- [Dataset extract]:
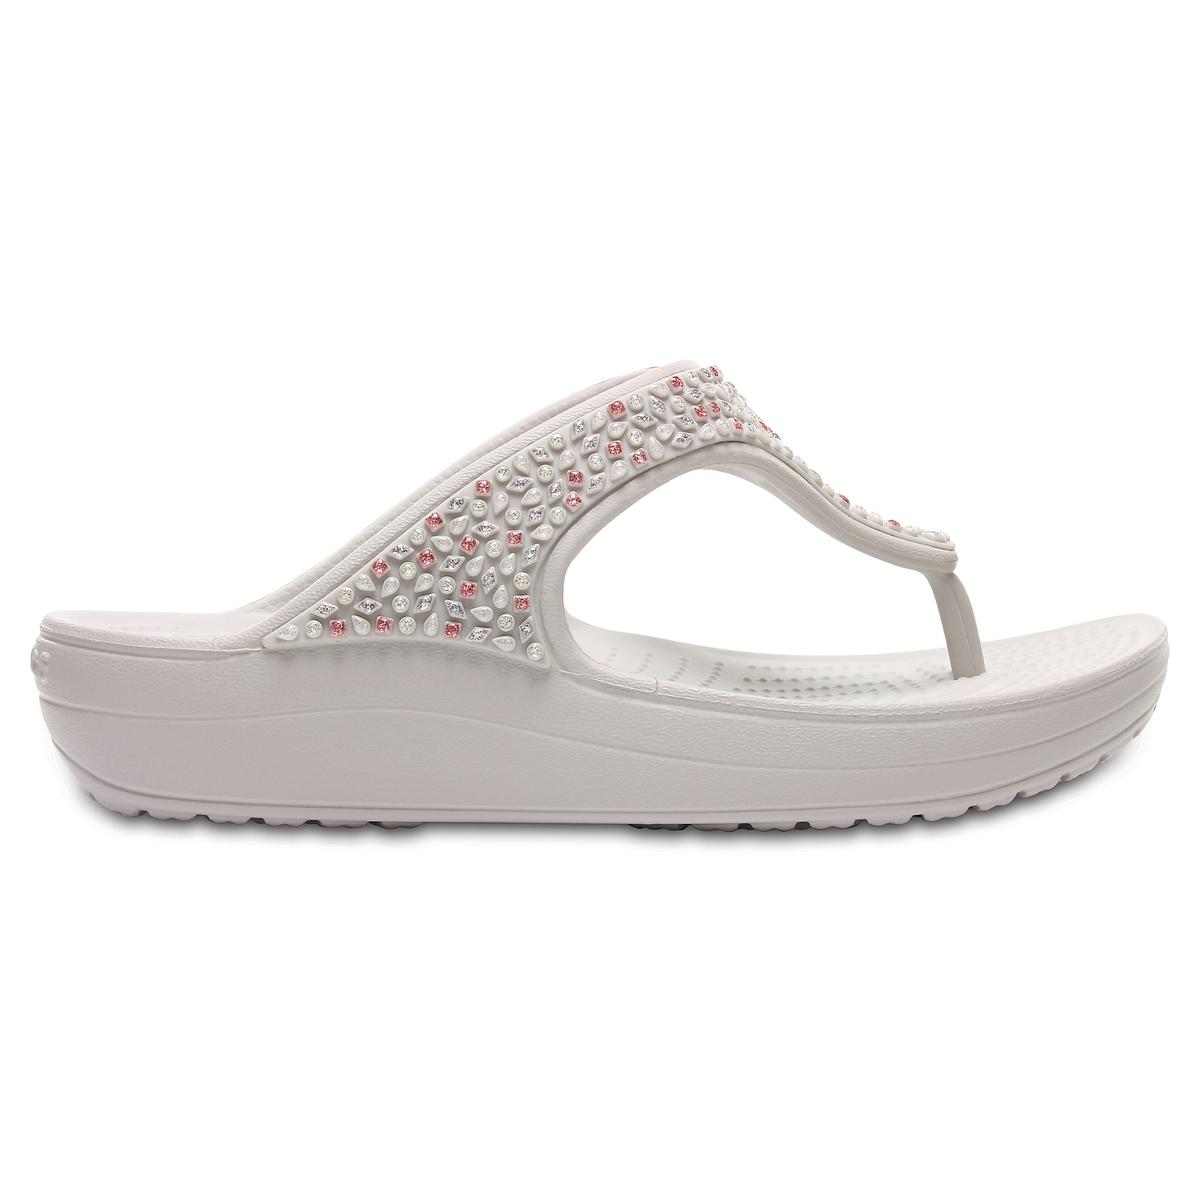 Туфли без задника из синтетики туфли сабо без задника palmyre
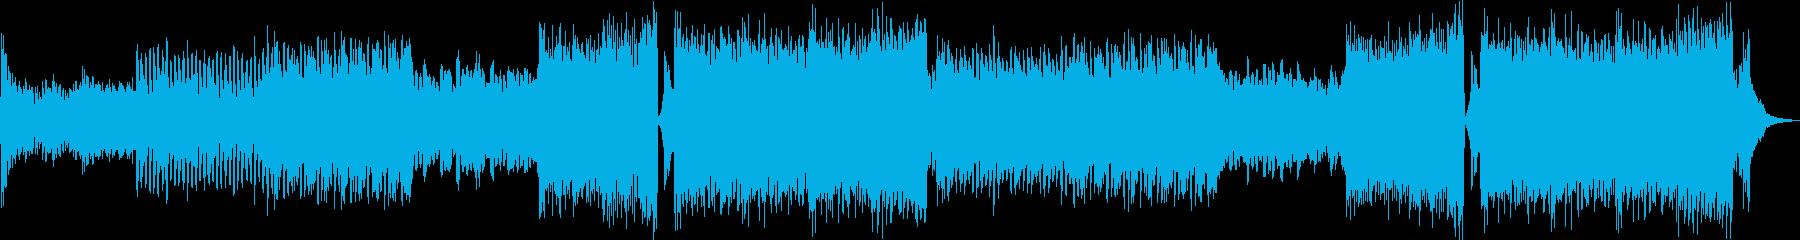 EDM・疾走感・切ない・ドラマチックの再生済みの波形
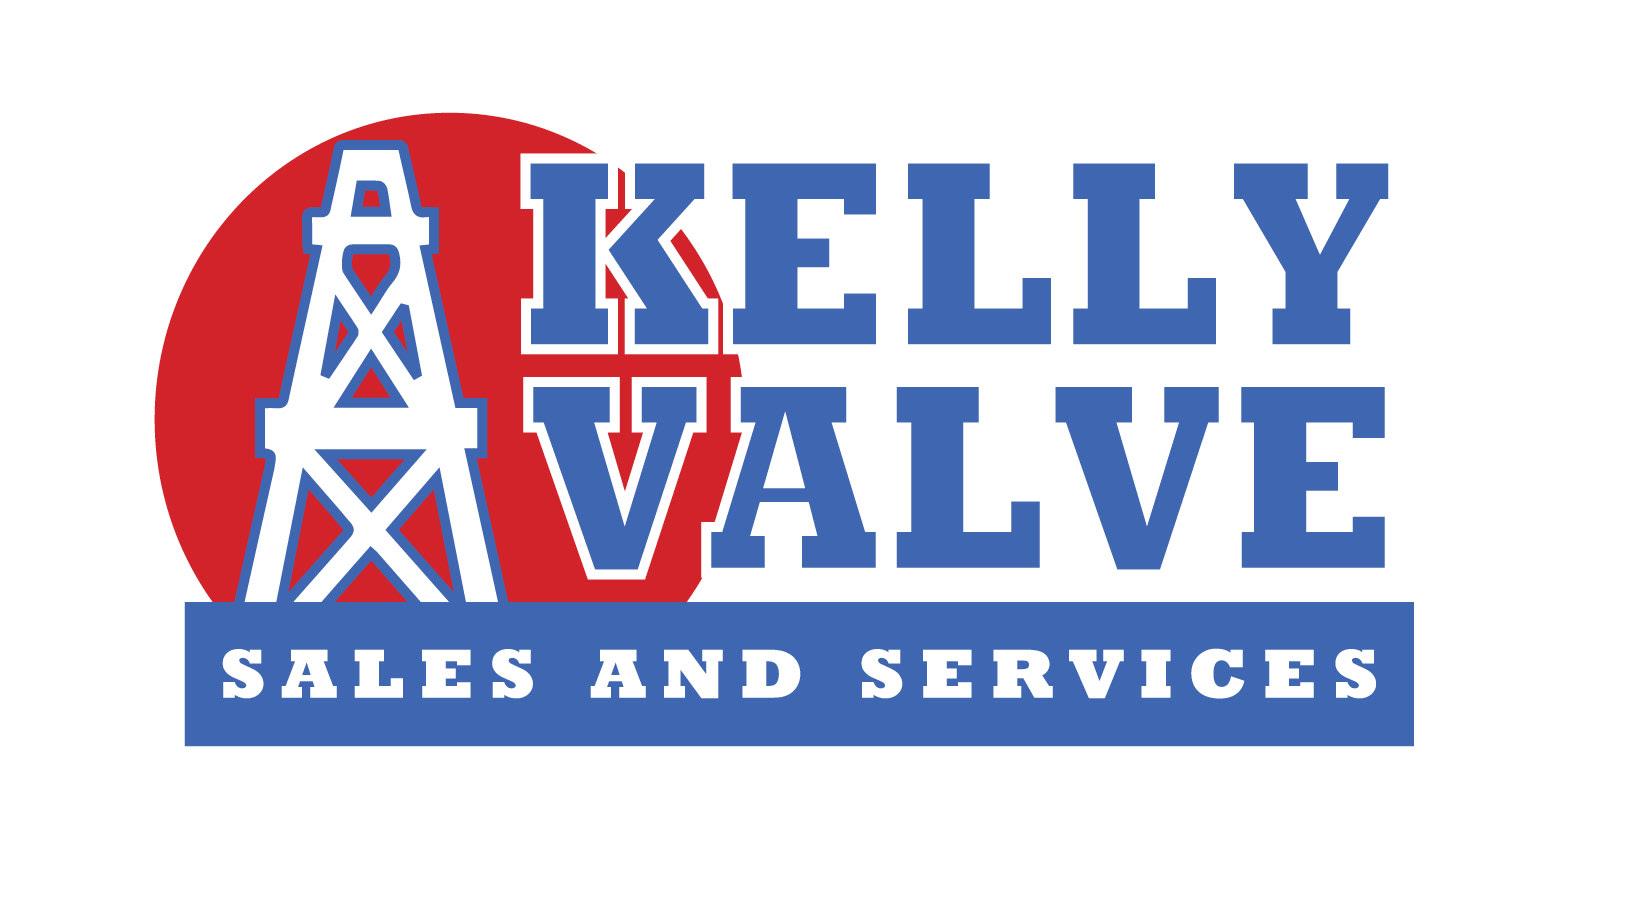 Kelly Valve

- [Requirement]:
Everything in the data except the pictures should be restated word for word.

- [The completed task]:
 Туфли без задника из синтетики туфли сабо без задника palmyre
 EDM・疾走感・切ない・ドラマチックの再生済みの波形
 Kelly Valve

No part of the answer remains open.